I’d visited the Famine Graveyard down a narrow chart alley between my lodging at a bed and breakfast and the city center of Donegal. It was just a grassy area of mass unmarked graves. Evidently there were too many corpses and they had to be buried as quickly as possible. Same song all over the island.



This is a famine pot.



This old cemetery was also on my walk back along the Greenway to Westport and I don’t know why I felt compelled to cross the road and enter it. I was more than uncomfortable. I don’t like to walk around graves because I feel like dispossessed spirits will cling to me and keep me up at night with incessant threats. I think it came from childhood scares, primarily the chant of the children on the school bus every morning as we passed an old cemetery. Someone would say in a deep, shaky ominous voice: Who took my liver?  And then another would echo the refrain until the whole bus was echoing with deep shaky voices asking, “Who took my liver?”

Why are children so mean? Mind you, I did grow up in a pocket of coal mining and steel mills and I can’t think of anyone I met who was not judgmental. No wonder I’d love to live in Ireland among the kind and merry.

I didn’t venture too far in to the graveyard. Even squinting, I couldn’t make out most of the worn inscriptions subjected to the fierce wind and rains here. But the very first grave I could read bore the name of a woman in my ancestral lineage. My mother would have researched this further and probably come up with some DNA connection, but I feel that information is just one piece of a more complex puzzle. Besides, it was a common name in Ireland I’m sure.
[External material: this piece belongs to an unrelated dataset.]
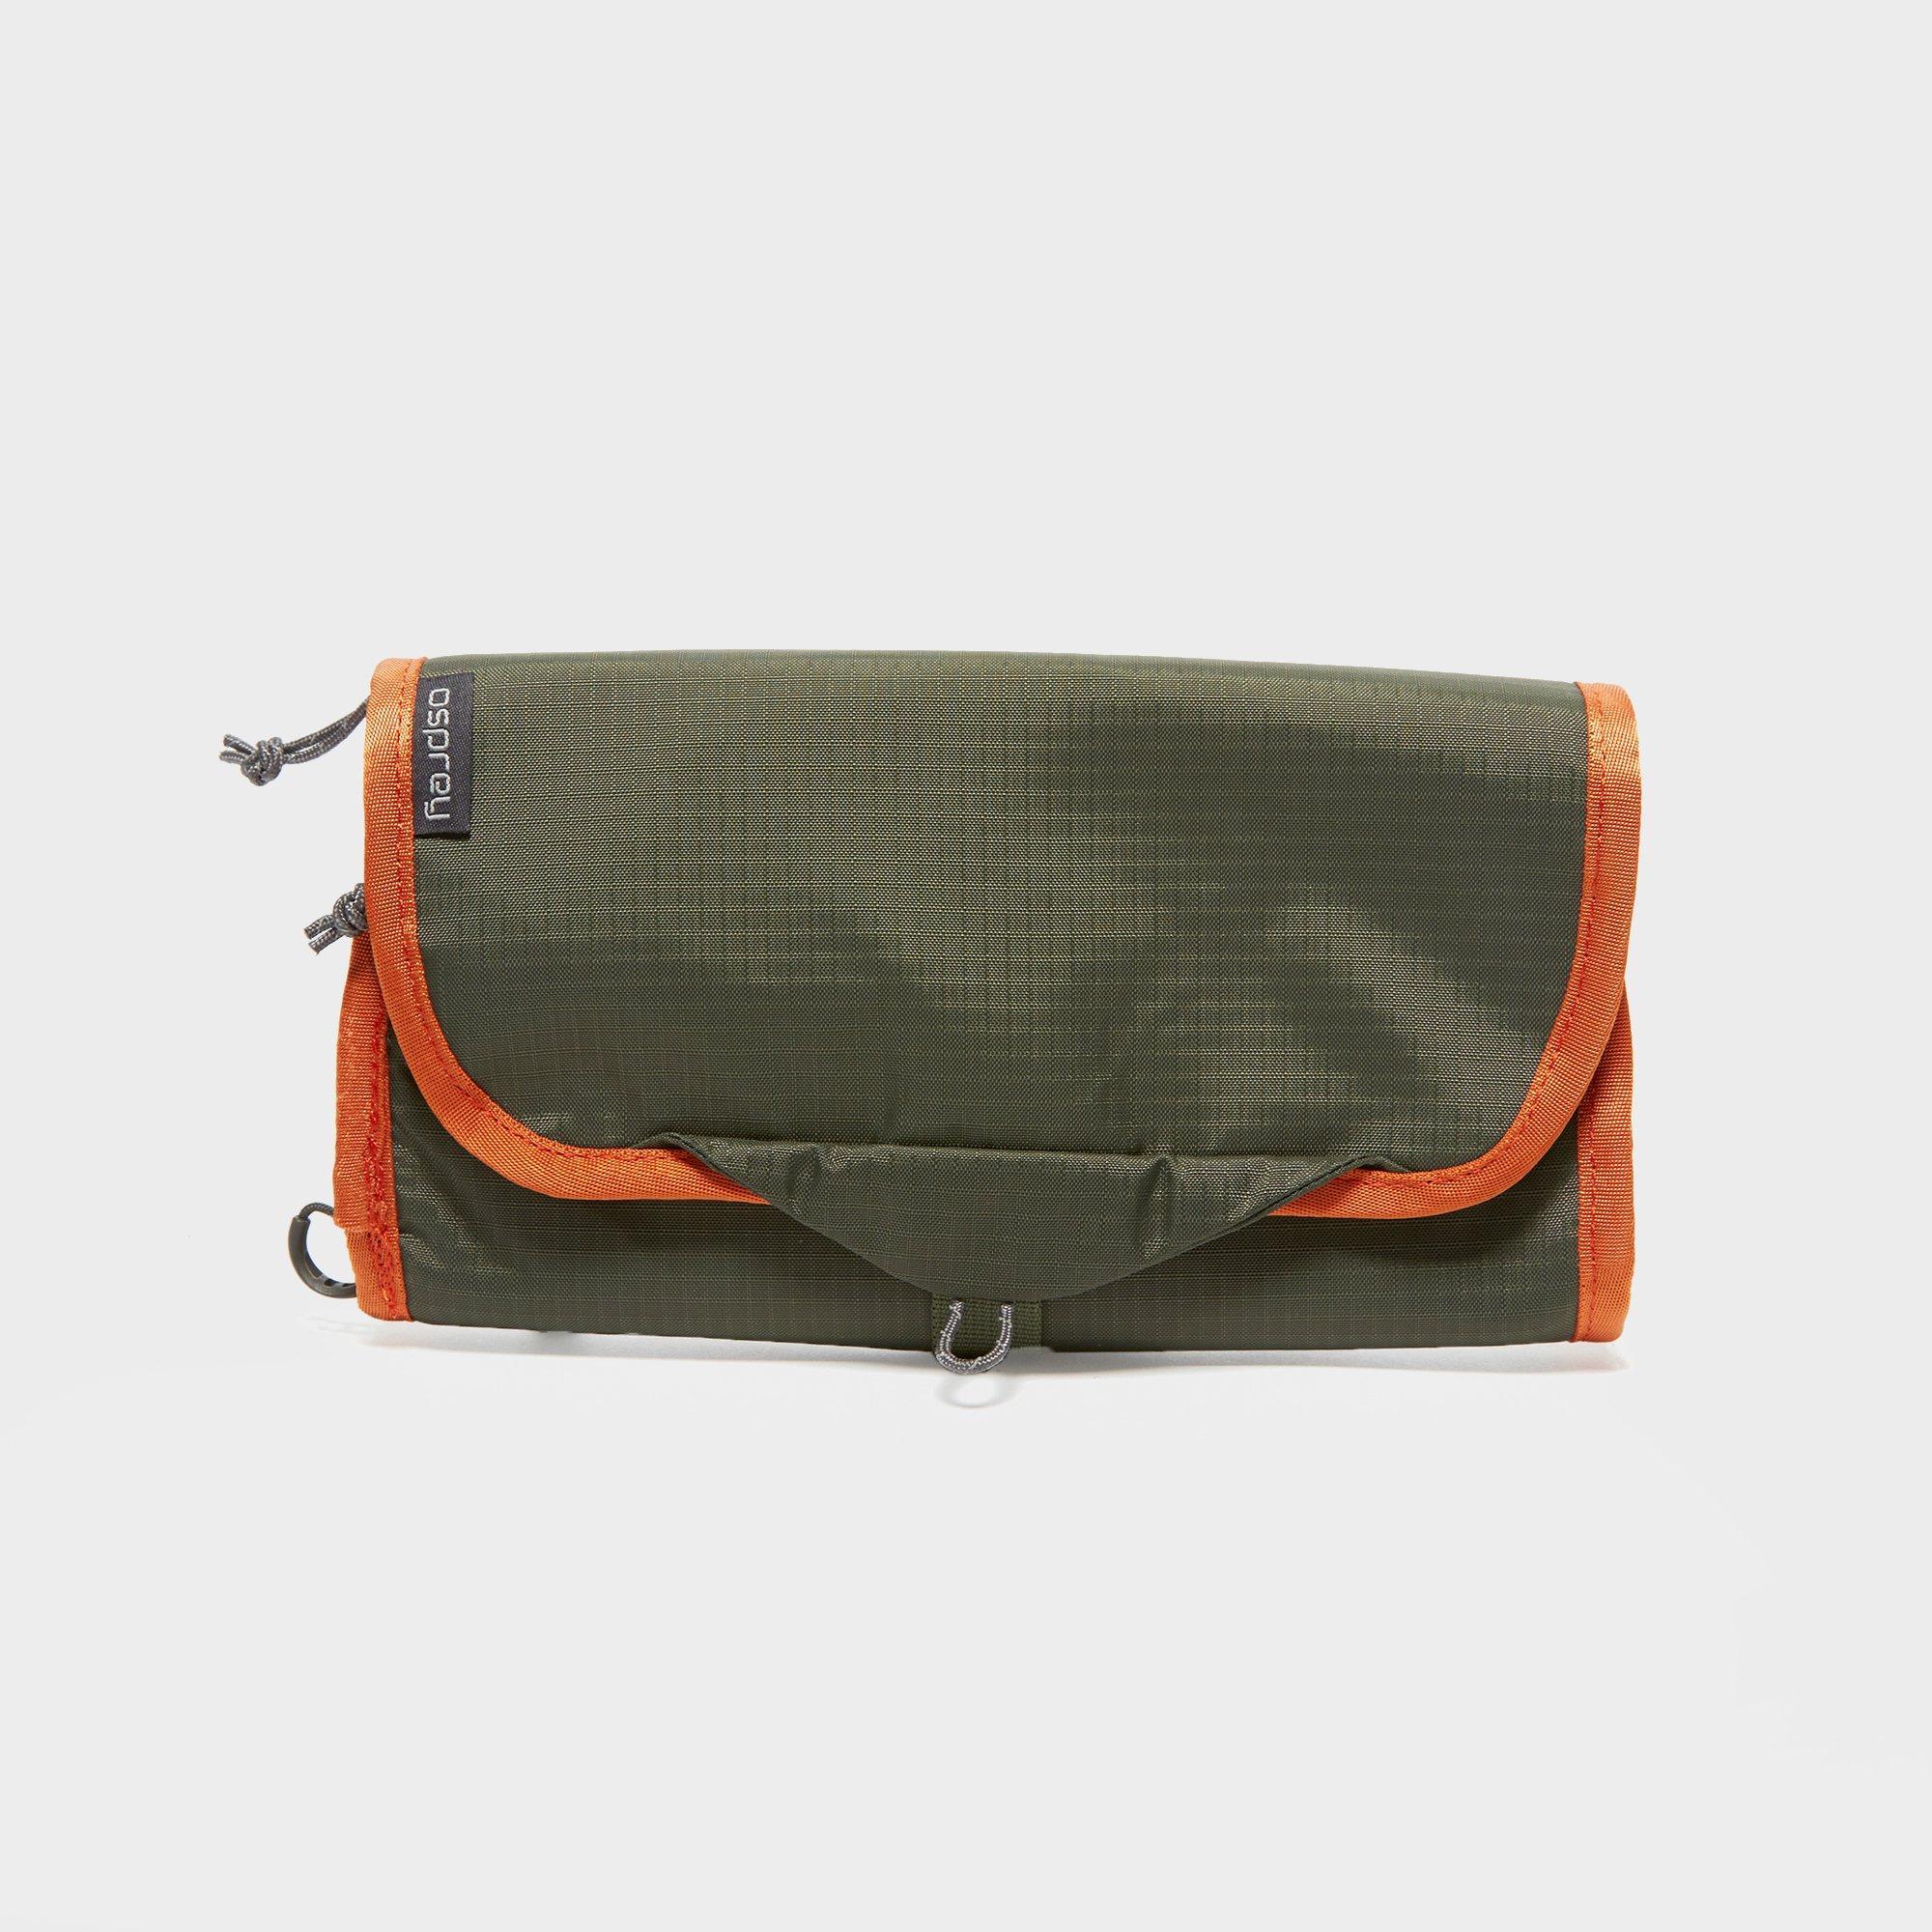 Vango F10 Xenon Ul 2+ Backpacking Tent

A common name, but one on a photo collage my mother made me of the other women named Elizabeth (my middle name) in our ancestry. It included Mary Berry, mother of Michael Berry.  Weirdly, this is the same name as my first husband. I was young. My family didn’t even know him. We eloped, a practice I was to learn shortly thereafter from my maternal grandmother was actually a tradition among us Elizabeths. 

Makes you wonder. How much autonomy is there in even your most rebellious actions?

If you ever believe your life has been boring, I assure you that if you examine it as a succession of moments, and examine just one of them closely, you will be slayed by the depth of the mystery surrounding who and what you are.  

As I was leaving the burial grounds, I placed my hand on one of the stone posts at the top of the steps for balance, and quickly lifted it when I felt something odd. Cold. It was a pile of coins. What? I asked ChatGPT. It told me that in pre-Christian and early Christian Ireland, it was common to leave tokens to pay the ferryman to row the deceased into the afterlife. The custom has survived. It’s considered lucky too to find a coin. I guess for that very reason. You might need it. That night I picked one up from the floor of the pub and set it on the counter. A woman next to me said quickly, “Make a wish.”

I wished that Mary Elizabeth Berry would make it over to the afterlife if she hadn’t yet.